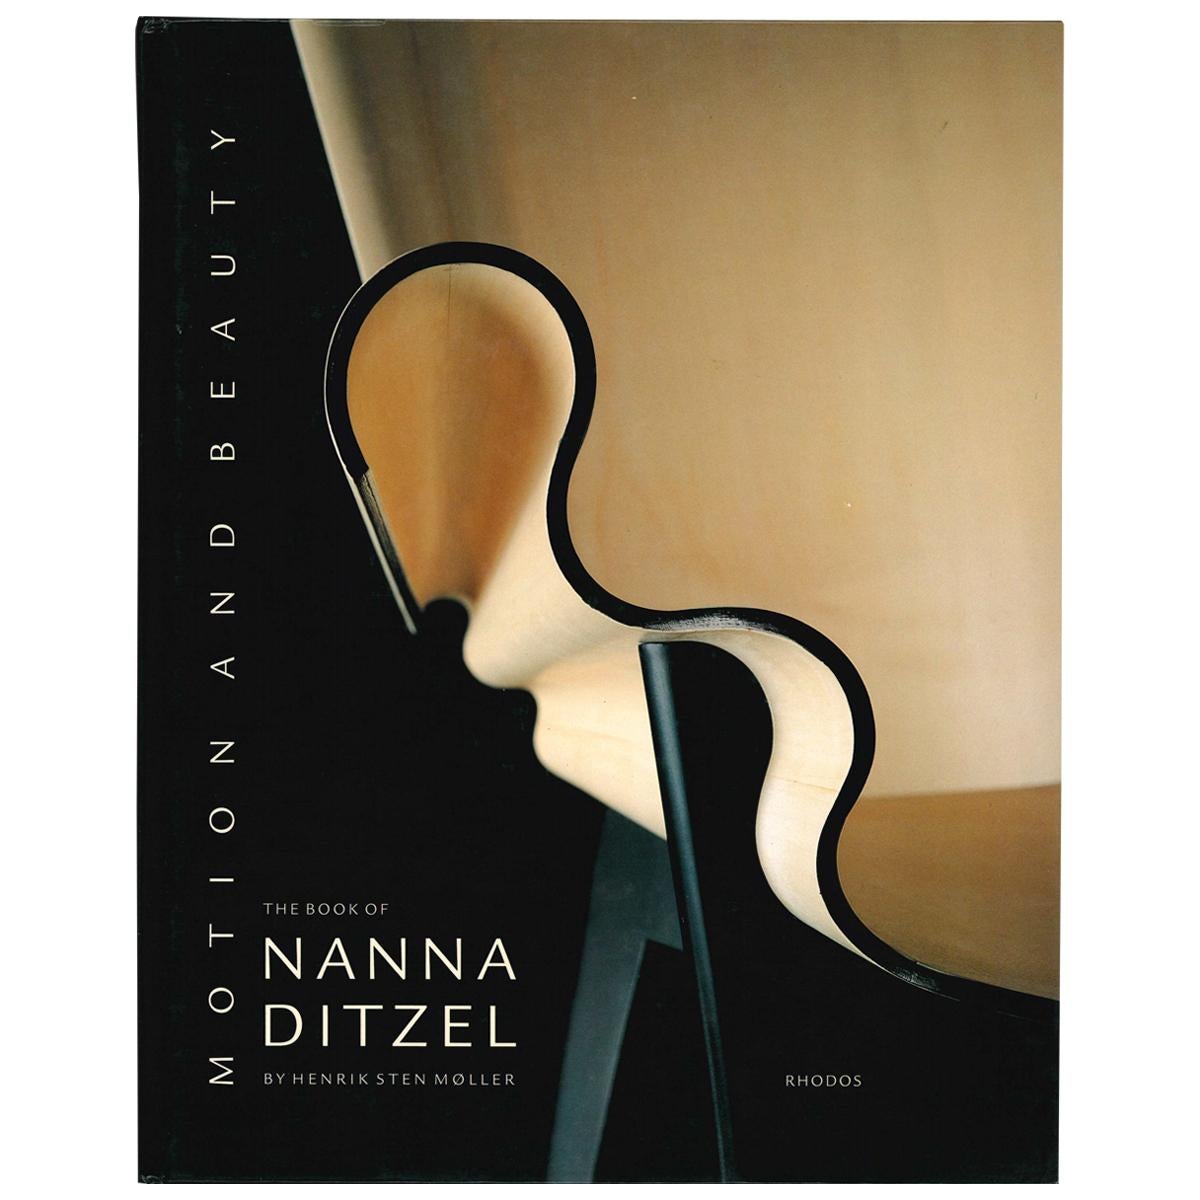 Bewegung und Schönheit: Das Buch von Nanna Ditzel von Henrik Sten Moller (Buch)
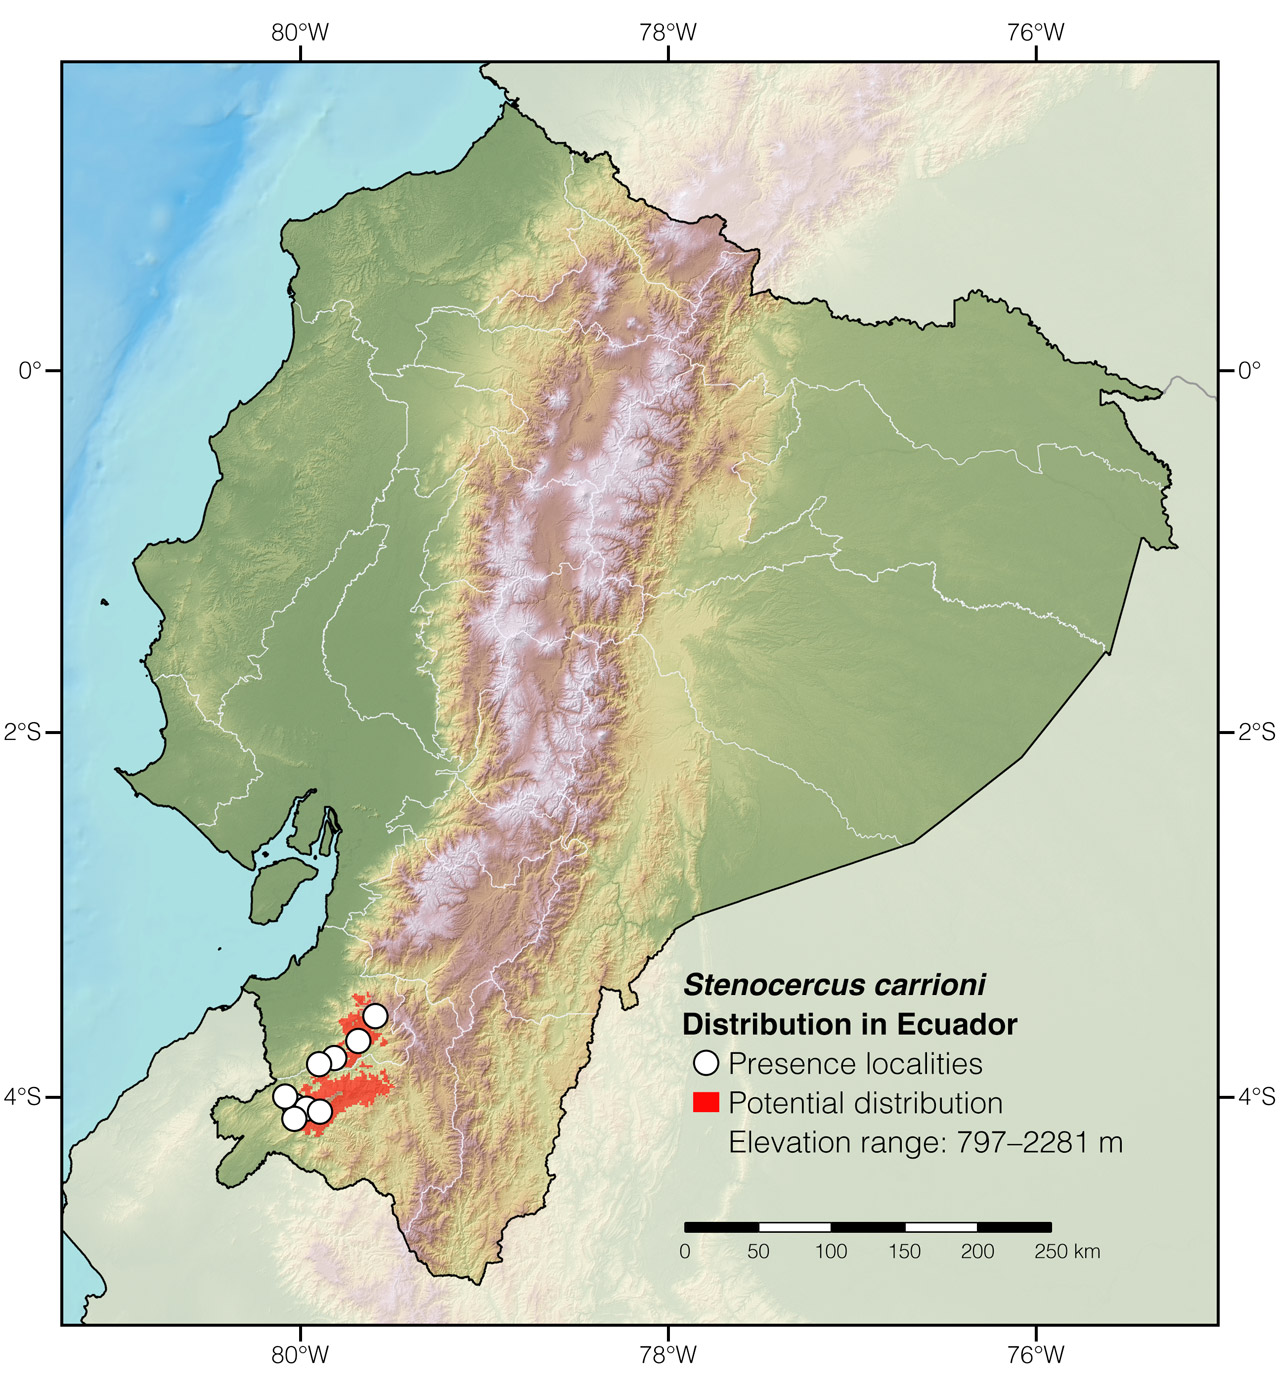 Distribution of Stenocercus carrioni in Ecuador
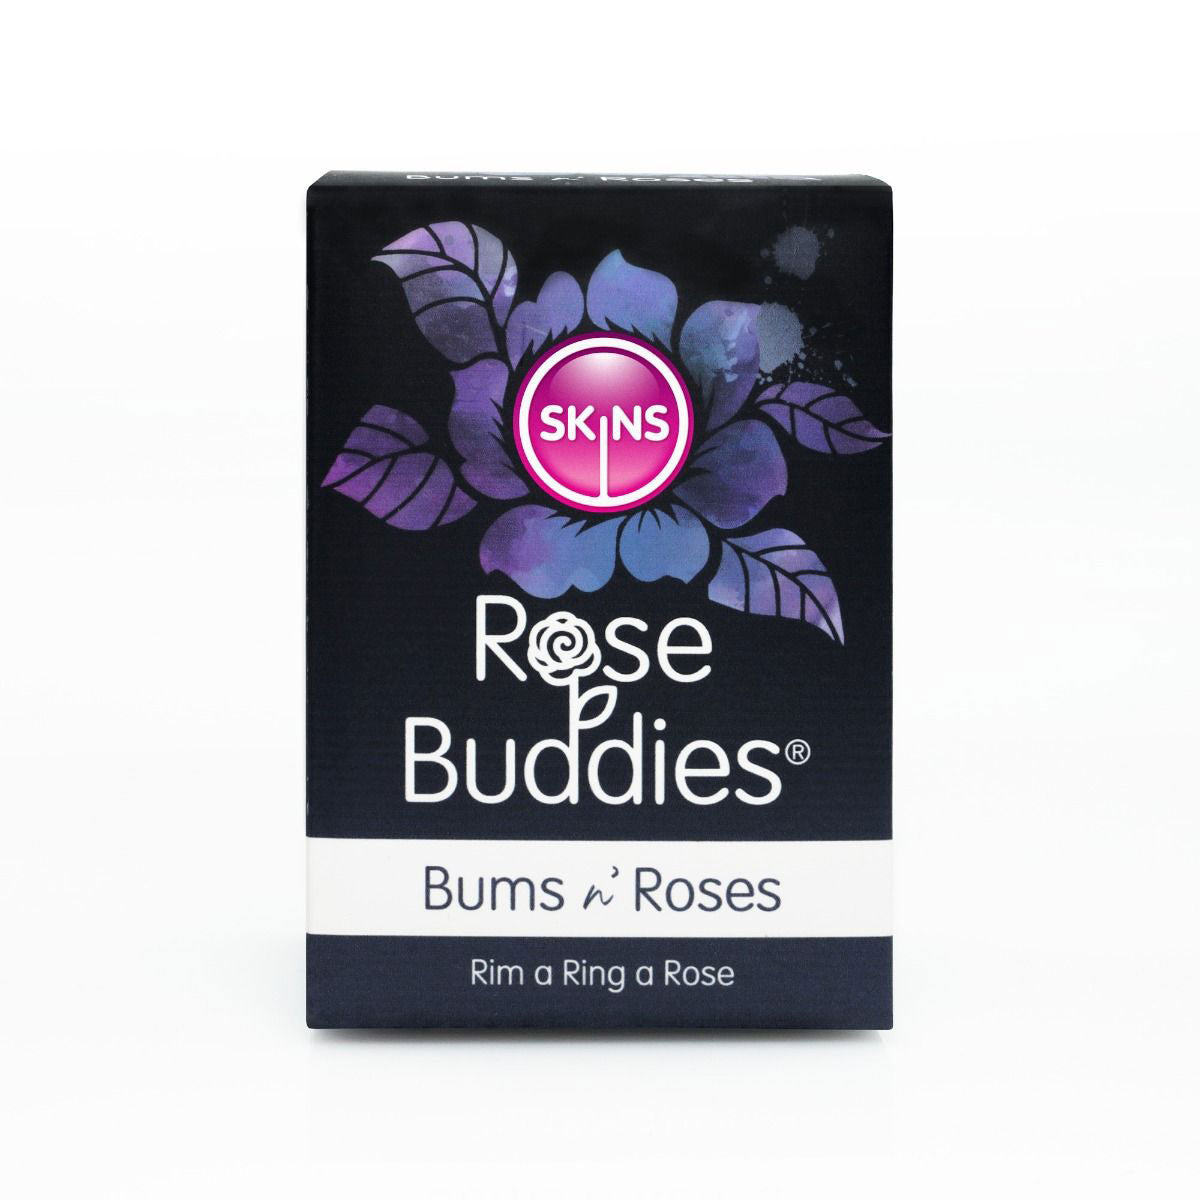 Skins Rose Buddies -the Bums N Rose - Black

════════

**Aim of the exercise:** Take the whole listing above and copy it exactly. Pictures do not go into the copy.

**Answer to the exercise:**
 Bewegung und Schönheit: Das Buch von Nanna Ditzel von Henrik Sten Moller (Buch)
 Distribution of Stenocercus carrioni in Ecuador
 Skins Rose Buddies -the Bums N Rose - Black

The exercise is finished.